Jan 29, 2004 00:08
As I drove into work this morning I realized that the fundamental nature of time is that it's like a river. If we're all traveling down said river in a constant motion and each decision or indecision we have is a stroke of the paddle or a flail of the arm that hastens us down the river of time. However, rivers are a part of nature, just as much as time is. So couldn't time be as unpredictable as a river?
My point is, along the river there could be a storm upstream which causes a flood downstream, but eventually the flood receeds and everything returns to normal. There are also offshoots of rivers into creeks and ponds and lakes which are still a part of the river, but seperate entities themselves. One could theorize that if time is a wound up river full of curves and offshoots, that it's very possible to bypass the flow of time, return to a moment earlier which could have disastrous effects, but nature corrects such abnormalities.
As far fetched as it may seem, this may be the cause of deja vu, or even ghostly apparitions that one experiences. Nature correcting the shift in time or a time traveler's mistake of changing cause before effect. Which leads me to the subject of this post. How can effect influence cause? As linear as our minds work, we take for granted that each effect gives birth to another cause. A car crashes into a tree causing the tree to fall, the effect of the tree falling causes the animal to die that lives in the tree. Cause effects cause effects cause... inifinitely. A cascading of events.

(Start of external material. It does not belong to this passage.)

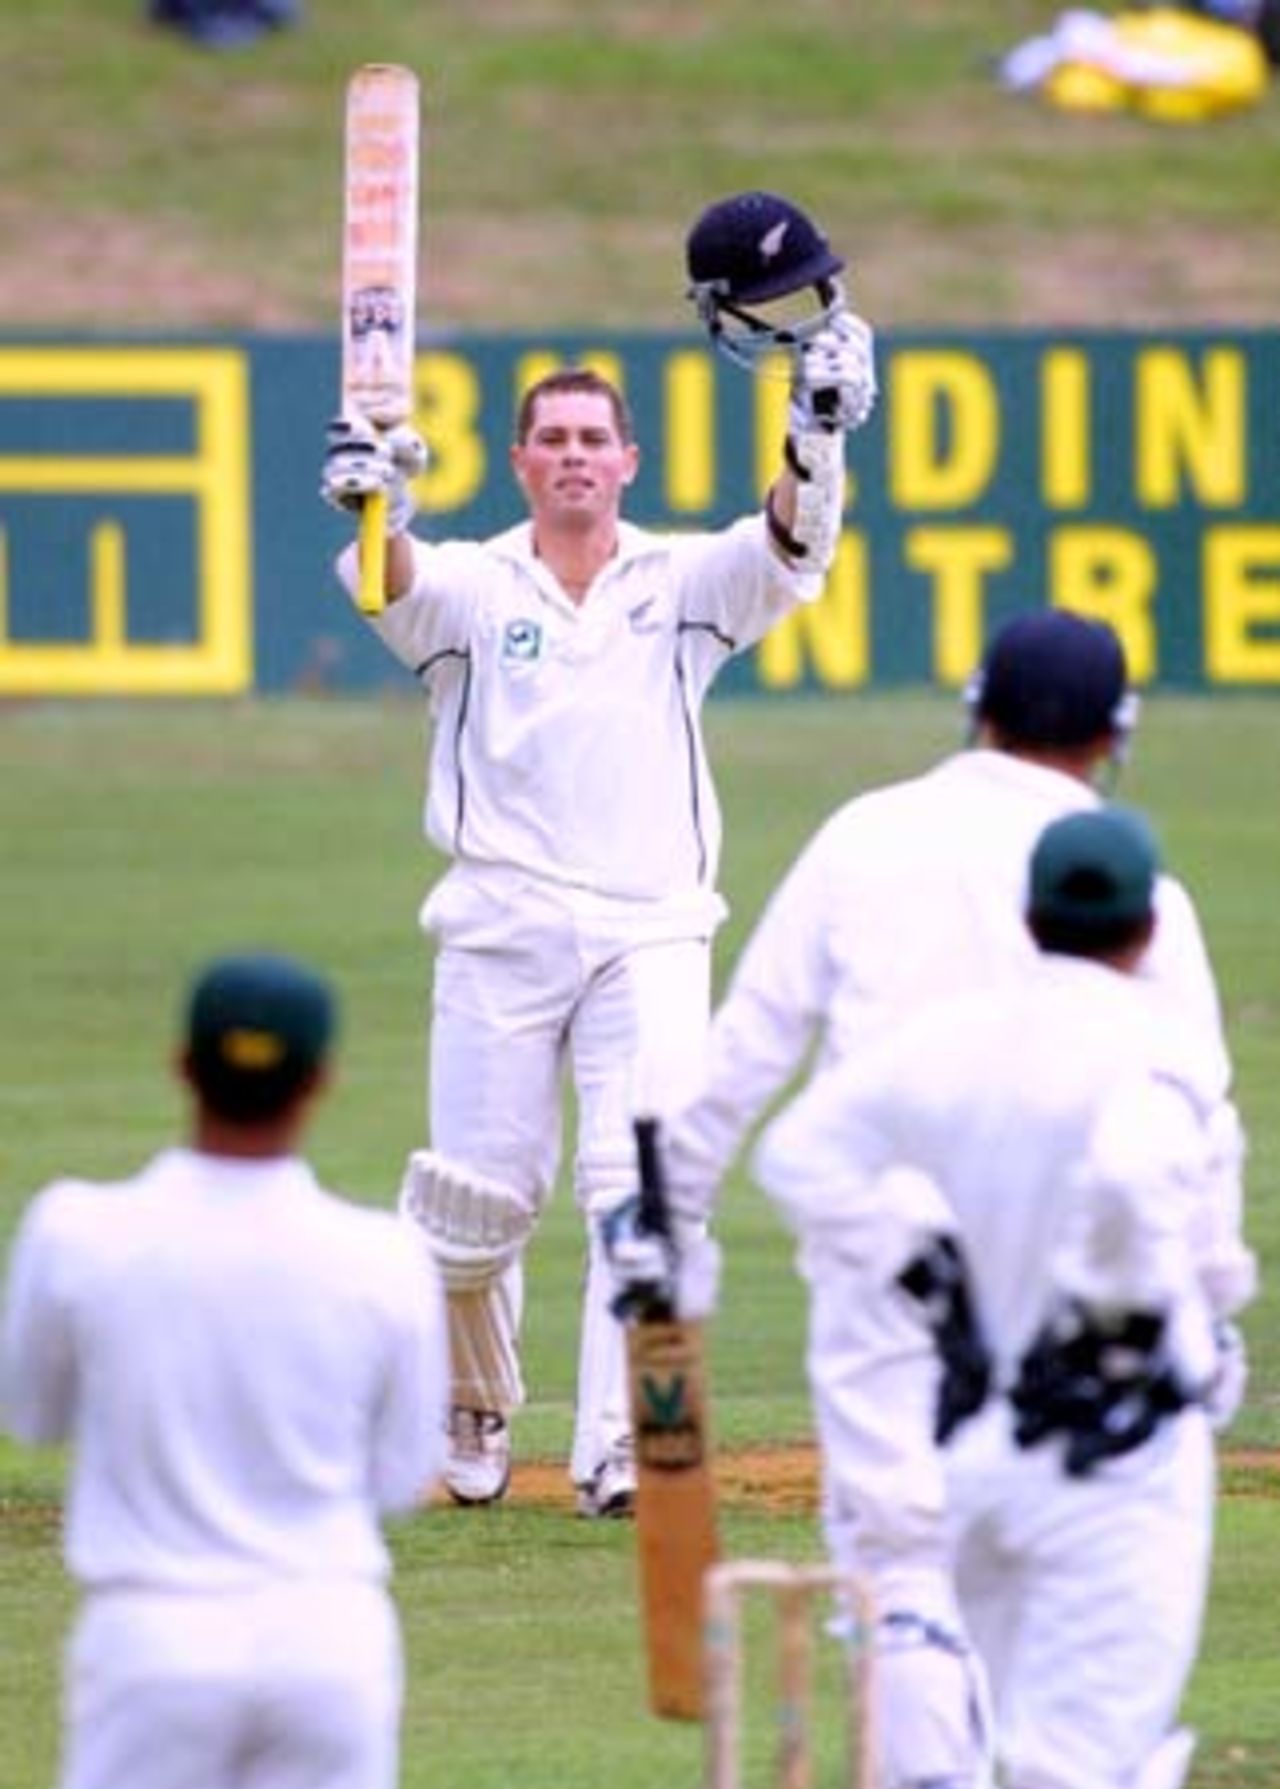 New Zealand opening batsman Matthew Bell raises his bat and helmet in celebration of reaching his maiden Test century. Bell went on to score 105 in the first innings. 3rd Test: New Zealand v Pakistan at WestpacTrust Park, Hamilton, 27-31 March 2001 (Day 3).

I imagine it like a champagne glass pyramid... you start pouring into one glass which fills, filling two more and four more and the like until all the glasses are trickled down. Each decision is a glass, each filling of the glass is the probability wave that comes with every decision. (Remember Shroedinger's cat?) Put this together with the river analogy to time and you have the way our universe could work.
The way to physically enter the past? Hawking predicts that upon entering a black hole, one could come out of it (assuming they miss the event horizon) and arrive BEFORE you actually flew into it. Now in doing that no information would actually come out because on a quantum level, the matter would be converted to energy and come out as antimatter... so what actually happens would be the antimatter spewing out of a black hole is actually our future particles being destroyed by the black hole itself.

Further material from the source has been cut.